**Task statement:** What you submit must be an exact copy of the listing below, with no images in it.

**Provided data:**
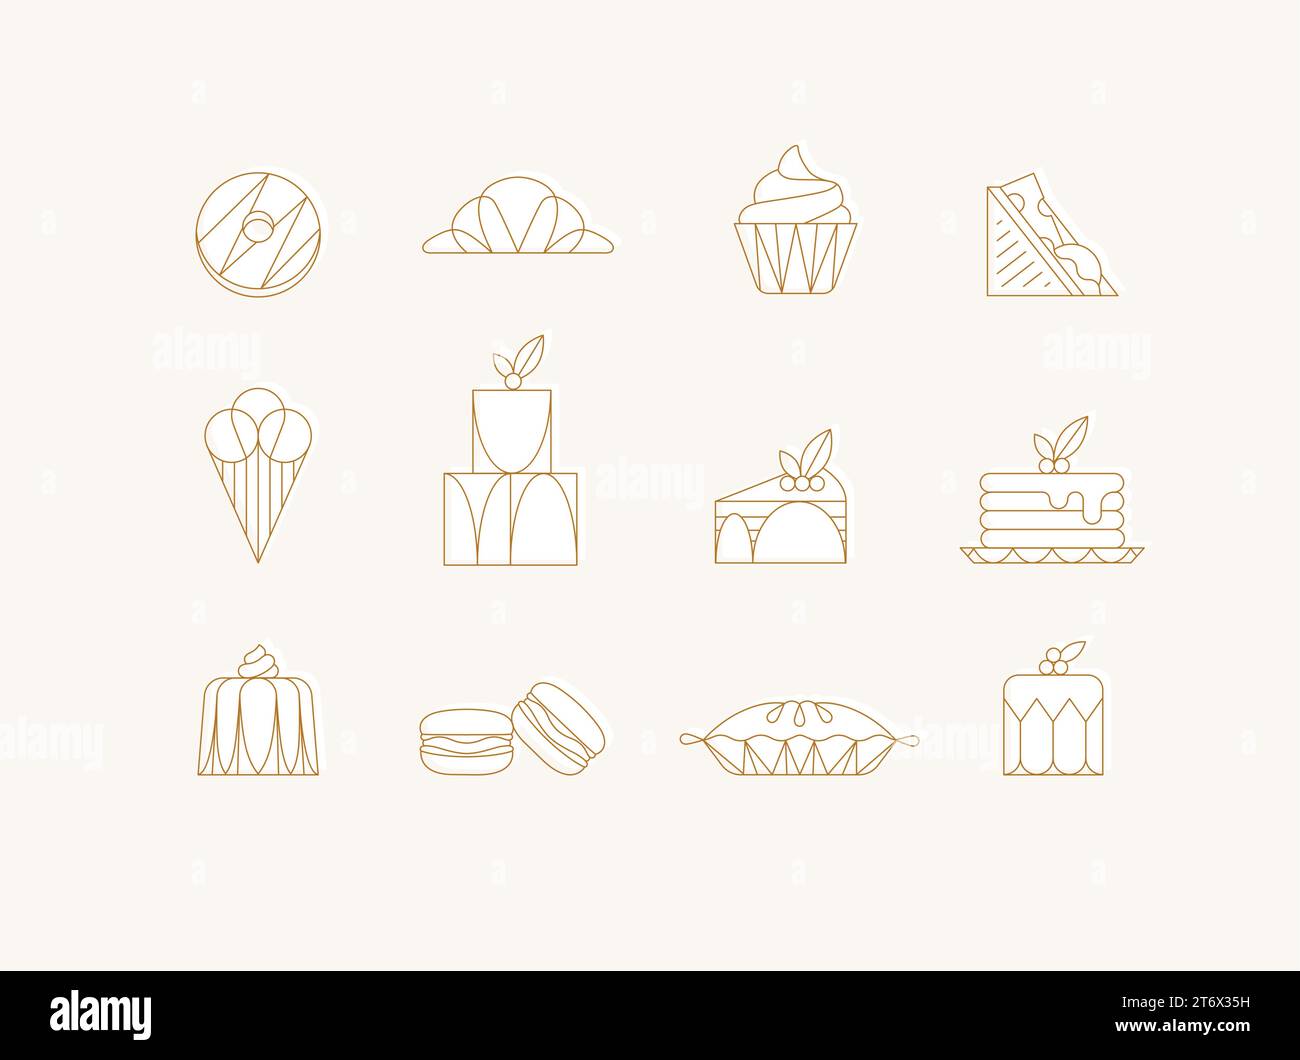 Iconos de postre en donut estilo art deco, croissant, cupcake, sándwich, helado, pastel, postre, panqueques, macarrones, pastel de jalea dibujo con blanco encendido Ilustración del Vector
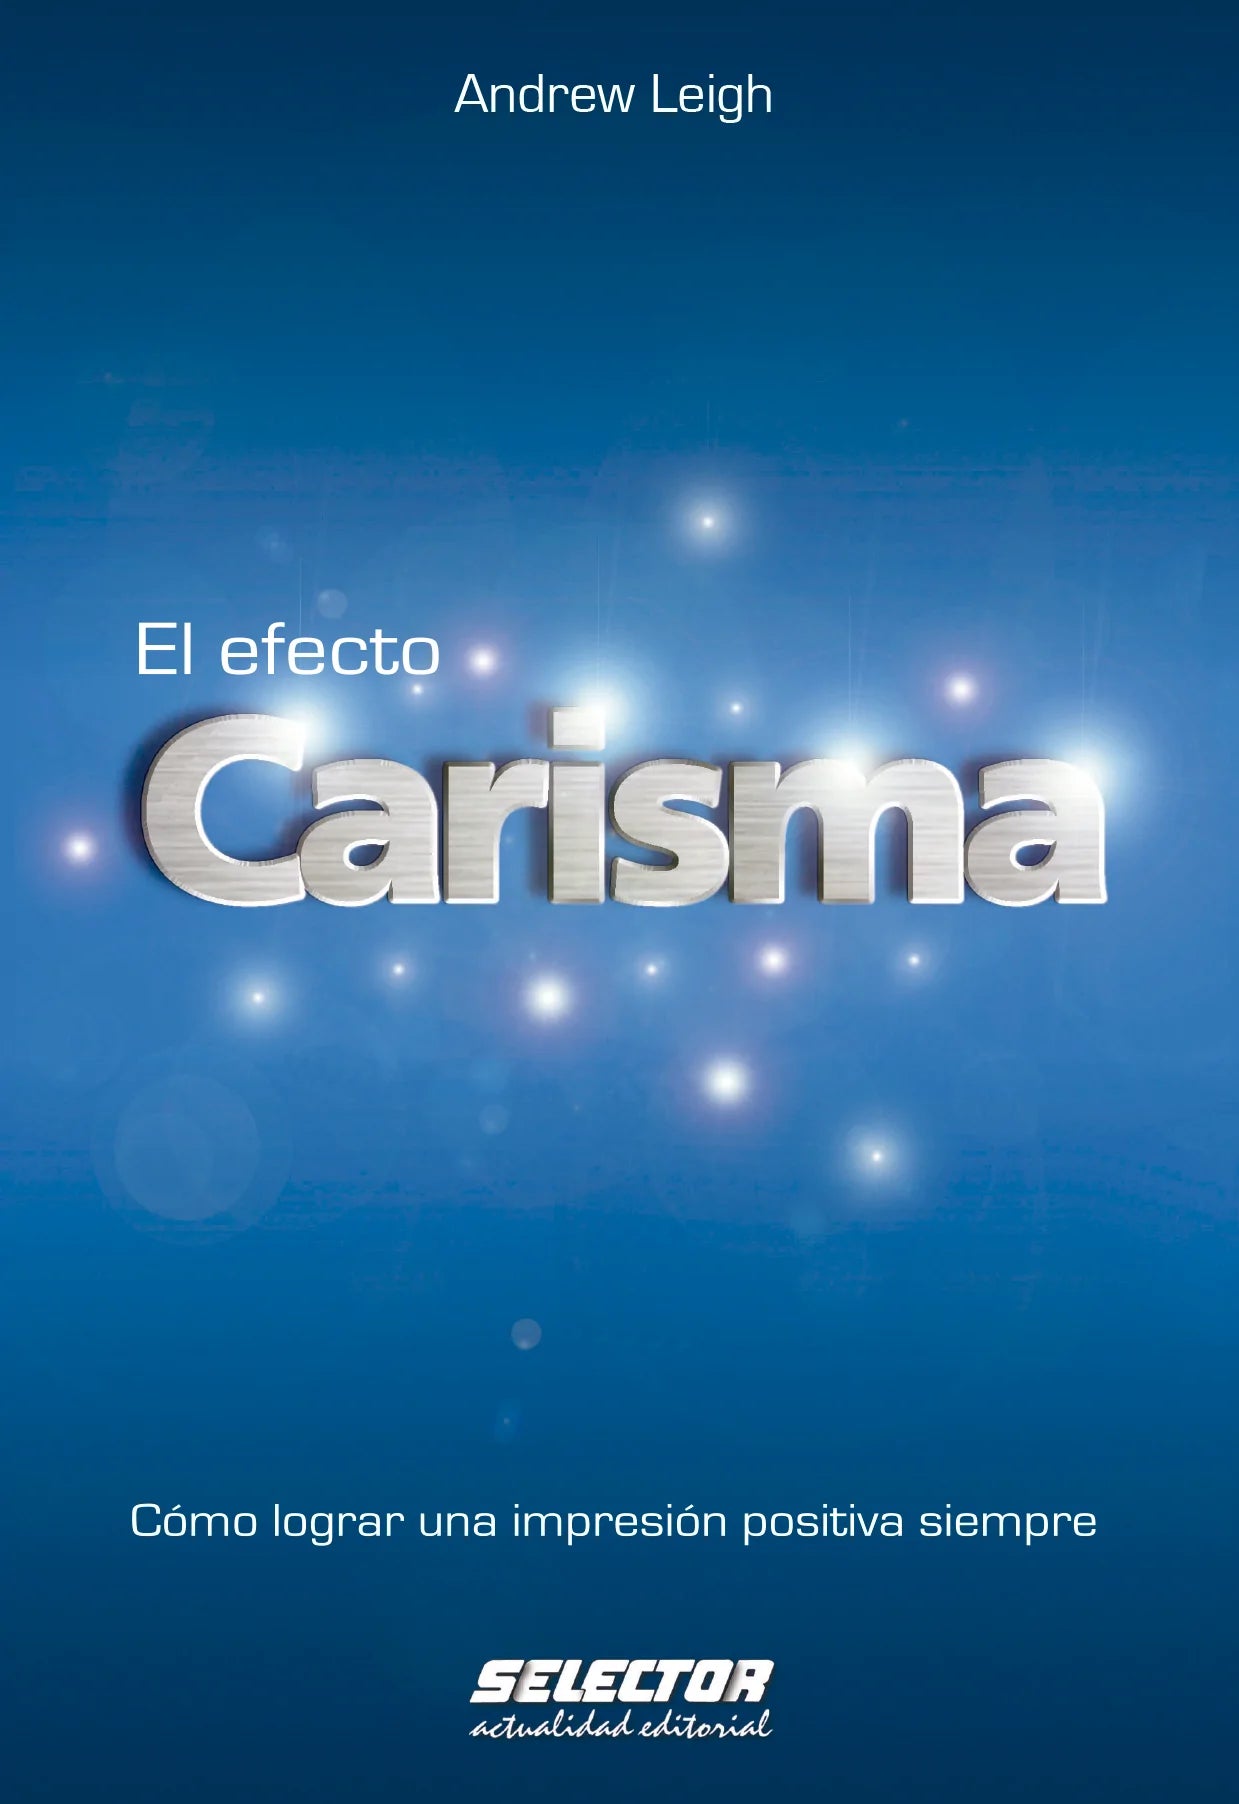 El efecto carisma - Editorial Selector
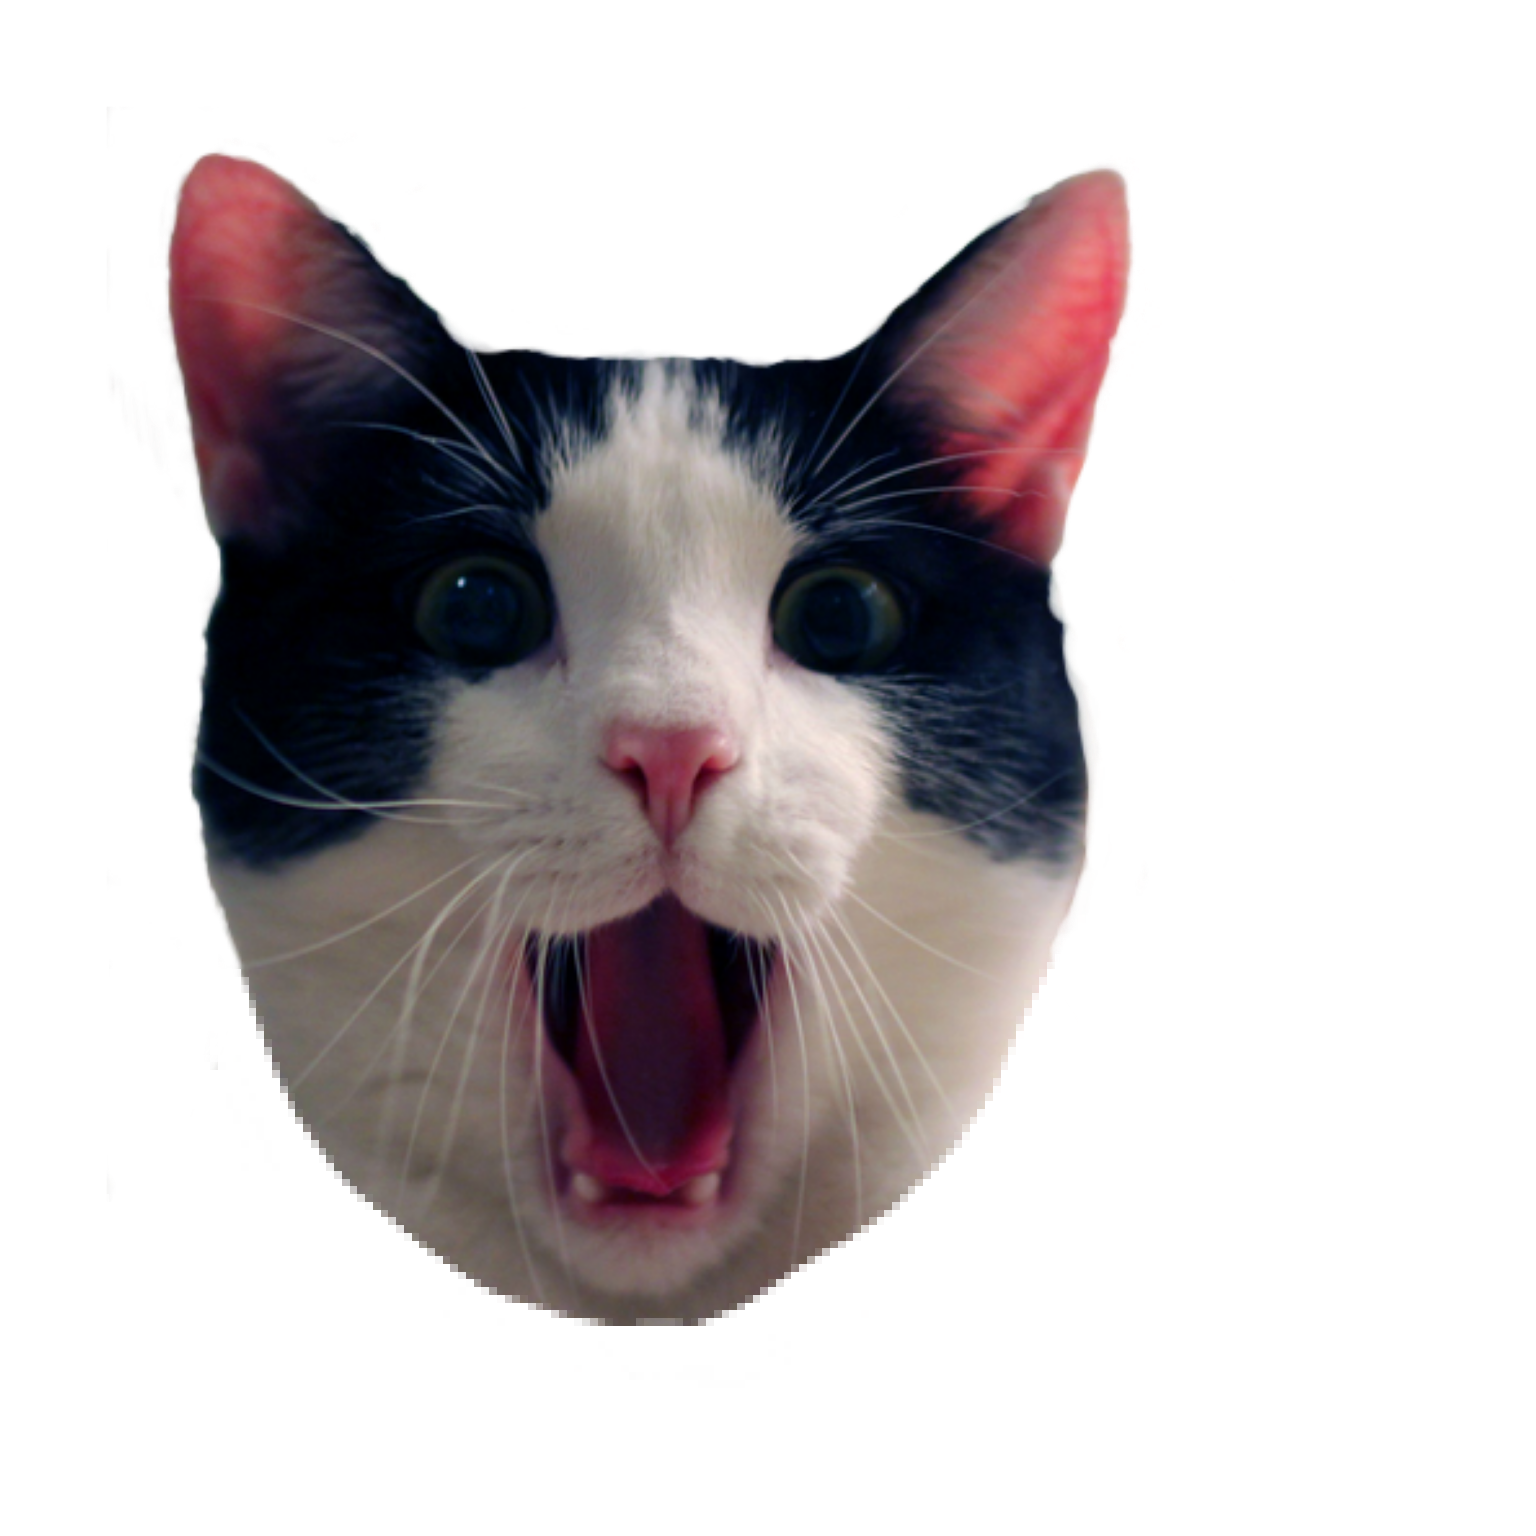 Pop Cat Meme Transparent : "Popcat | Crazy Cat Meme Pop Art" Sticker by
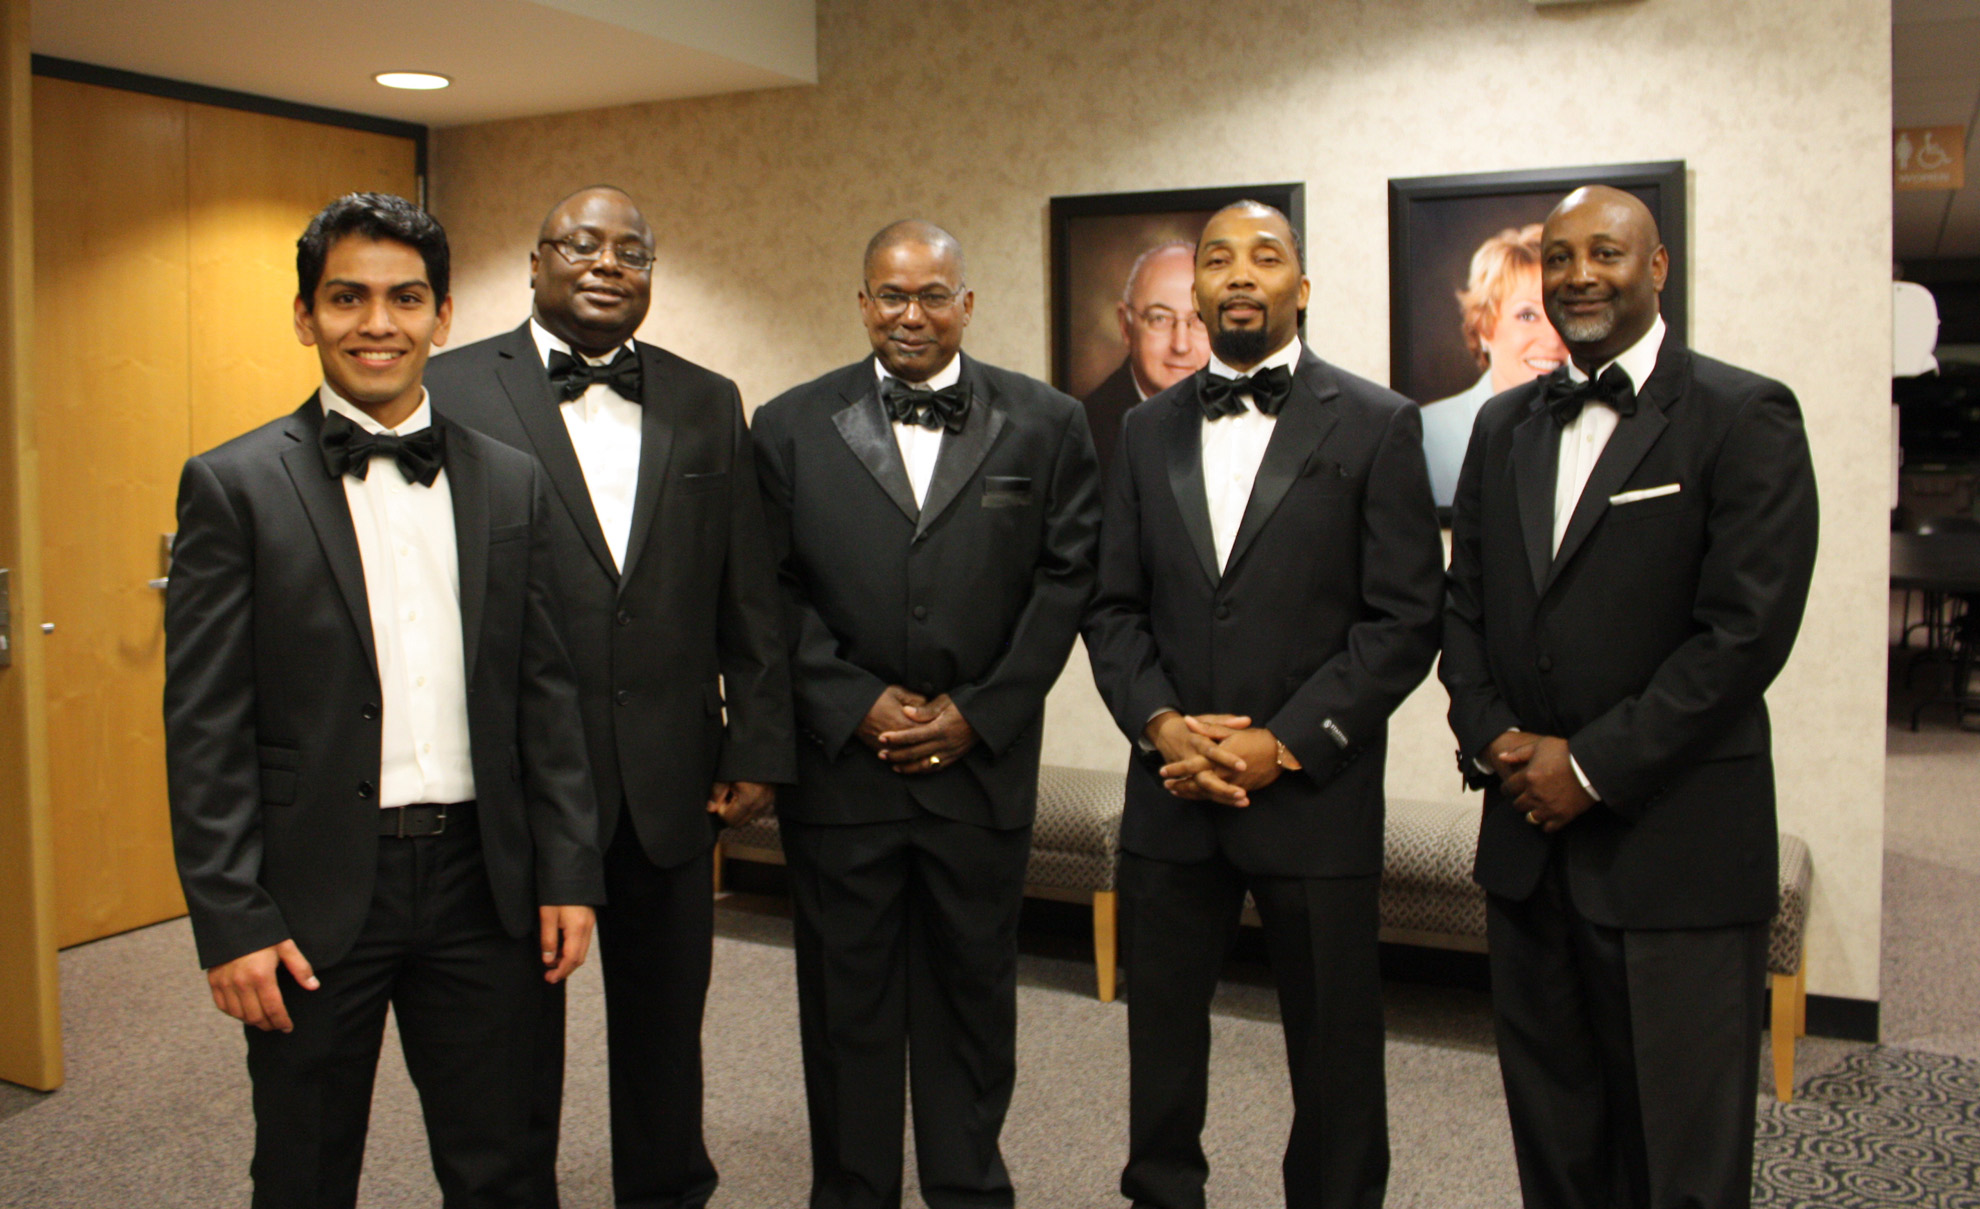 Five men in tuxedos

**Written answer:**
 Iconos de postre en donut estilo art deco, croissant, cupcake, sándwich, helado, pastel, postre, panqueques, macarrones, pastel de jalea dibujo con blanco encendido Ilustración del Vector
 El efecto carisma - Editorial Selector
 Pop Cat Meme Transparent : "Popcat | Crazy Cat Meme Pop Art" Sticker by
 Five men in tuxedos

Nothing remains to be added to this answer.